R excludes the "intercept" B-spline (B-spline 0, the leftmost) by adding the unit vector `e0 = [1, 0, 0, …]` as a third constraint row before the QR null-space projection, not an all-ones row.

**Fix:**

```python
if not intercept:
    e0 = np.zeros((1, n_basis))
    e0[0, 0] = 1.0
    const = np.vstack([const, e0])
```

### 3. `crosspred` — prediction grid ordering (varvec / lagvec)

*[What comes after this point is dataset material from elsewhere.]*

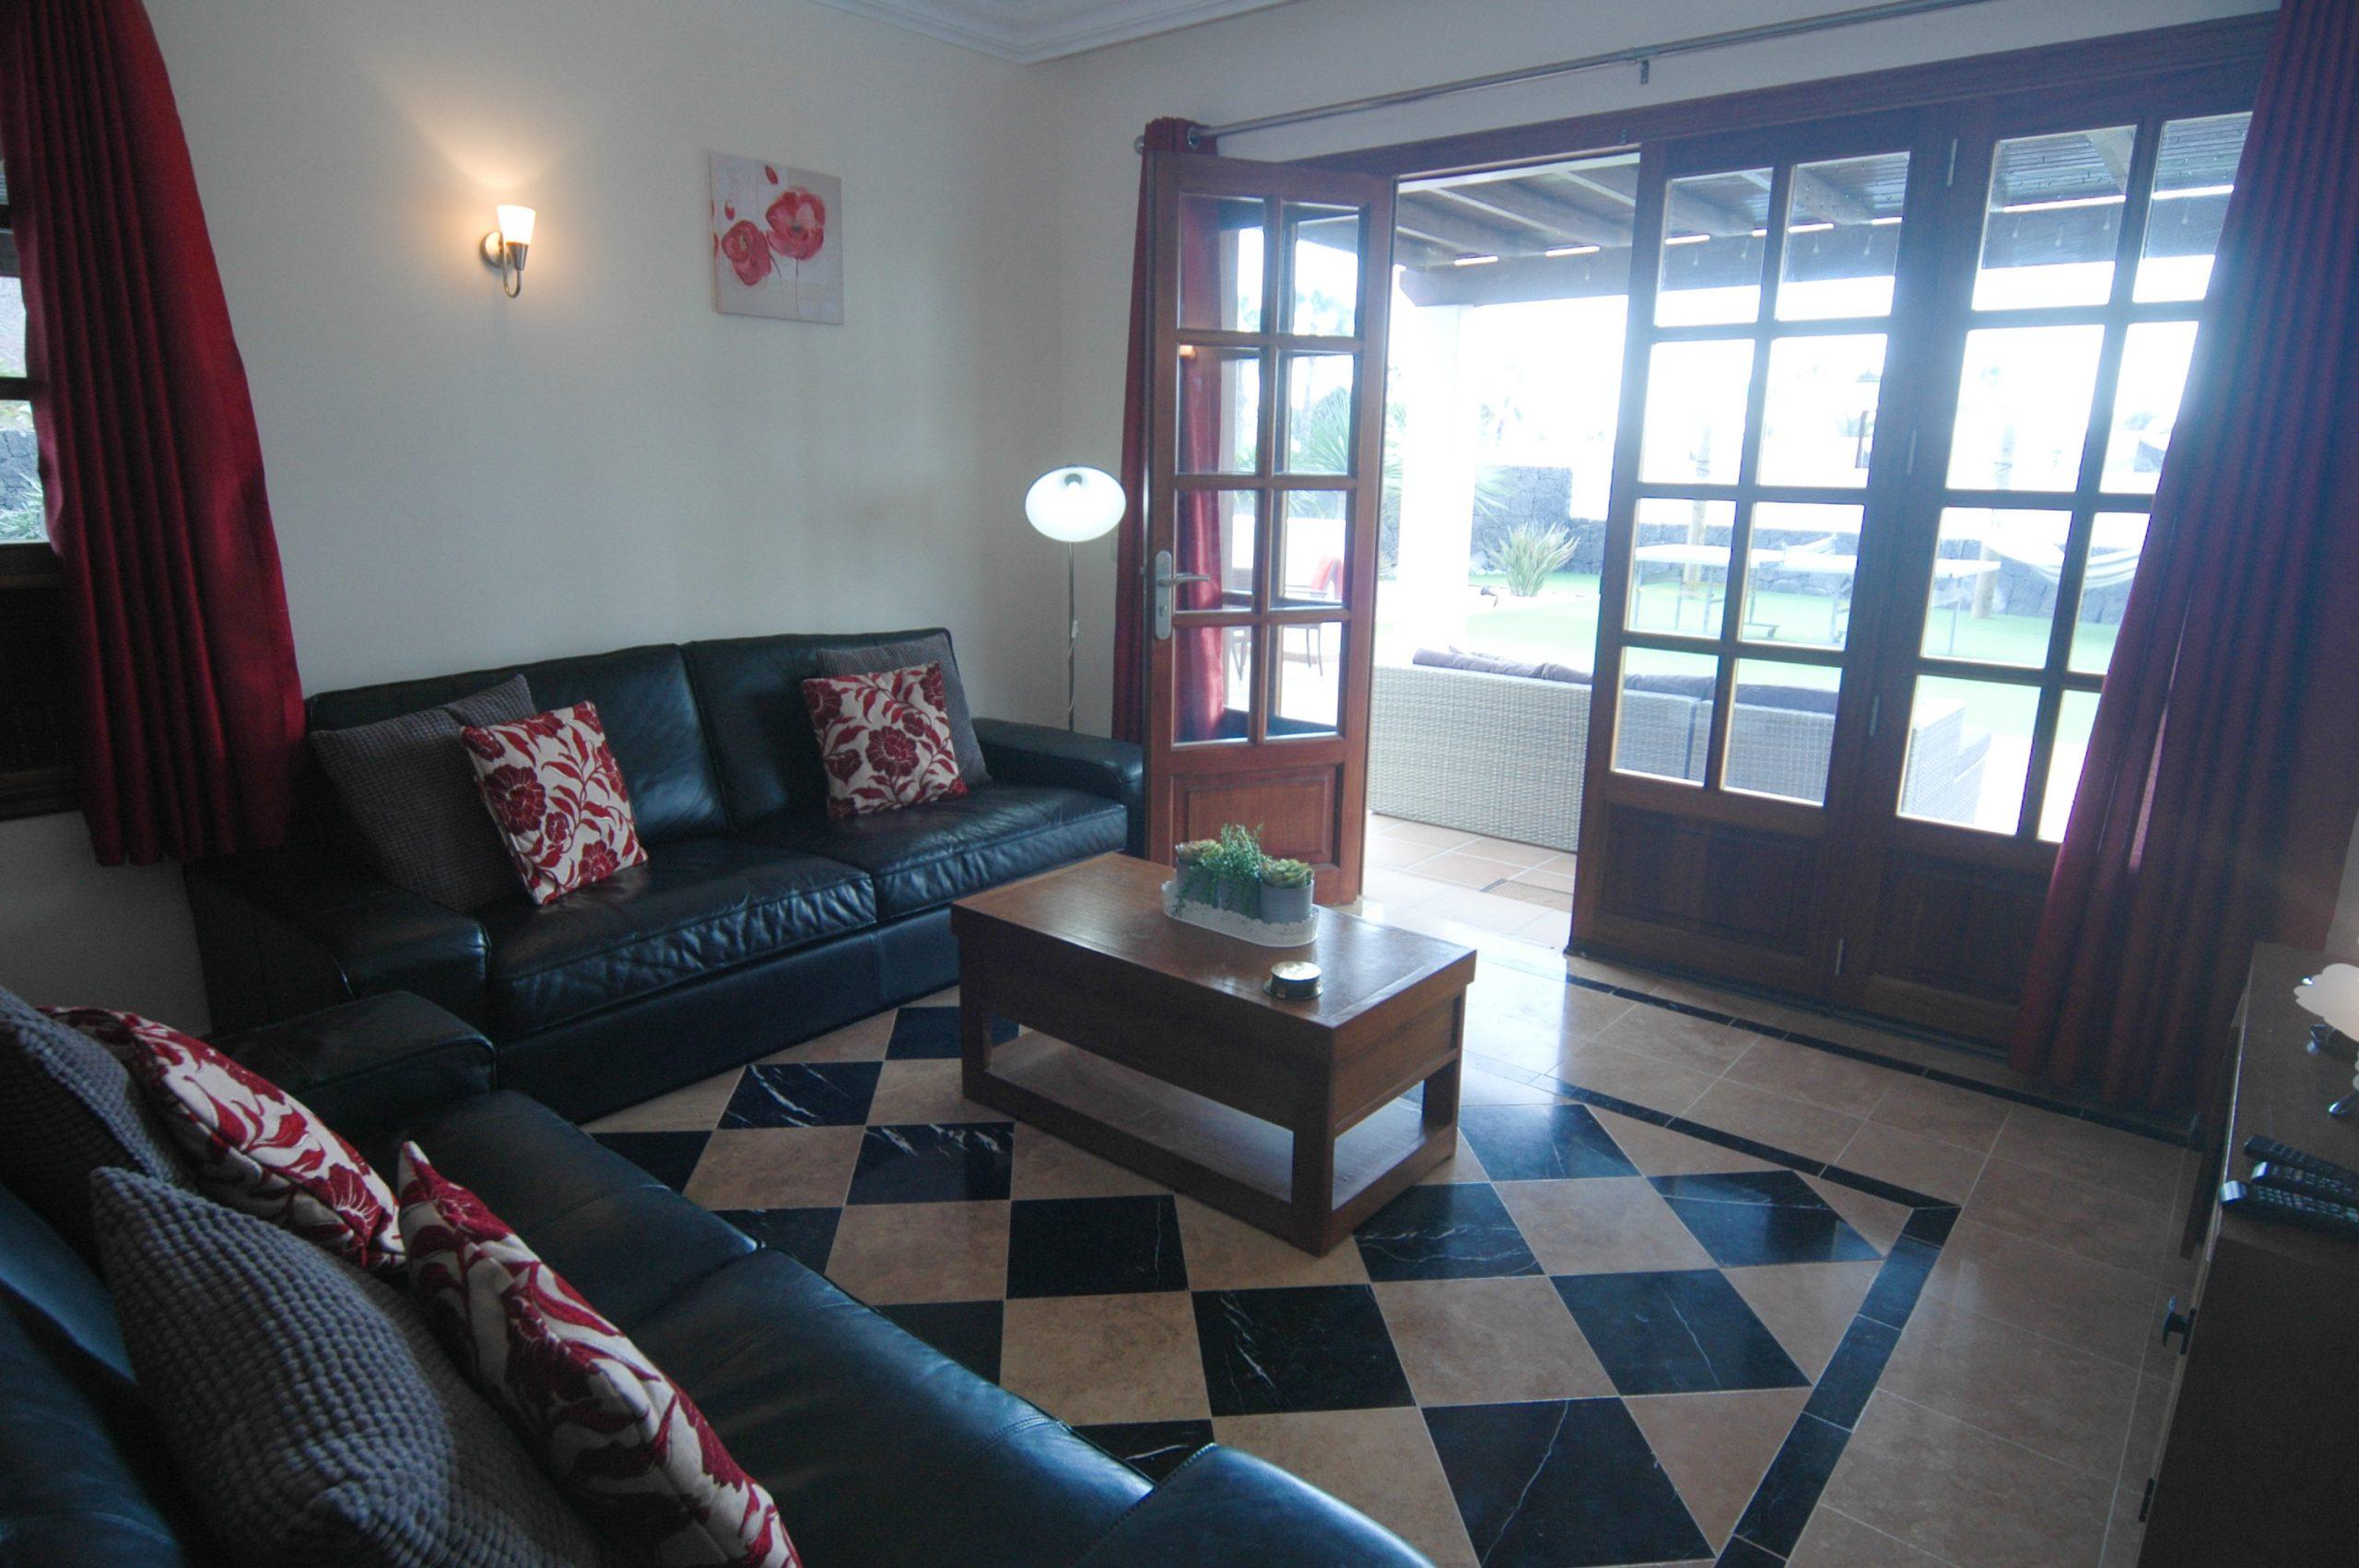 Villa_LVC338912 - Playa Blanca Villa lounge with IPTV, Xbox; DVD and wifi

**Location:** `[src/dlnm/crosspred.py](src/dlnm/crosspred.py)`, `_mkXpred()`

R builds the flat prediction vector as `rep(predvar, length(predlag))` (the full predvar sequence repeated once per lag) with `lagvec = rep(predlag, each=length(predvar))`. This means **predvar varies fastest** (inner loop), predlag slowest (outer loop). The opposite ordering breaks both the allfit accumulation loop and the matfit reshape.

**Fix:**

```python
varvec = np.tile(predvar, len(predlag))       # predvar repeats for each lag
lagvec = np.repeat(predlag, len(predvar))     # each lag repeated len(predvar) times
```

### 4. `crosspred` — matfit / matse reshape order

**Location:** `[src/dlnm/crosspred.py](src/dlnm/crosspred.py)`, `crosspred()`

With the corrected predvar-fastest ordering (point 3), the flat `Xpred @ coef` vector is laid out as `[predvar@lag0, predvar@lag1, …]`. Reshaping it directly as `(n_pred, n_lag)` gives the wrong column assignments. The correct reshape matches R's column-major (Fortran-order) matrix filling:

```python
matfit = (Xpred @ coef).reshape(len(predlag), len(predvar)).T
matse  = np.sqrt(...).reshape(len(predlag), len(predvar)).T
```

### 5. Generating R golden-reference fixtures

The test suite compares Python output against fixtures produced by R. To regenerate them, run the script from the **PyDLNM repository root**:

```bash
Rscript tests/fixtures/generate_fixtures.R
```

On Windows, `Rscript` may not be in `PATH`. Use the full path:

```bat
Rscript tests\fixtures\generate_fixtures.R
```

---

## Differences from the R Package


| Feature             | R `dlnm`                                    | Python `dlnm`                                             |
| ------------------- | ------------------------------------------- | ----------------------------------------------------------- |
| Model fitting       | Integrated with `glm`, `gam`, `coxph`, etc. | Works with `statsmodels` or manual `coef`/`vcov`            |
| Penalised smoothing | Via `mgcv::gam`                             | Penalty matrices provided via `cb_pen()`                    |
| Plotting            | Base R graphics                             | `matplotlib`                                                |
| S3 classes          | `crossbasis`, `crosspred`, etc.             | Python dataclasses and `numpy.ndarray` subclasses           |
| Function naming     | `crossbasis`, `crosspred`                   | Same names, snake_case helpers (`cb_pen`, `plot_crosspred`) |


## Dependencies

- NumPy >= 1.22
- SciPy >= 1.9
- pandas >= 1.5
- matplotlib >= 3.5
- patsy >= 0.5
- statsmodels >= 0.13

## Development

```bash
# Run tests
pytest

# Run tests with coverage
pytest --cov=dlnm --cov-report=html

# Lint
ruff check src/ tests/

# Type check
mypy src/dlnm/
```

## References

1. Gasparrini A. *Distributed lag linear and non-linear models in R: the package dlnm*. Journal of Statistical Software. 2011; 43(8):1–20. [doi:10.18637/jss.v043.i08](https://doi.org/10.18637/jss.v043.i08)
2. Gasparrini A, Armstrong B, Kenward MG. *Distributed lag non-linear models*. Statistics in Medicine. 2010; 29(21):2224–2234. [doi:10.1002/sim.3940](https://doi.org/10.1002/sim.3940)
3. Gasparrini A. *Modeling exposure-lag-response associations with distributed lag non-linear models*. Statistics in Medicine. 2014; 33(5):881–899. [doi:10.1002/sim.5963](https://doi.org/10.1002/sim.5963)

## License

GPL-2.0-or-later — same as the original R package.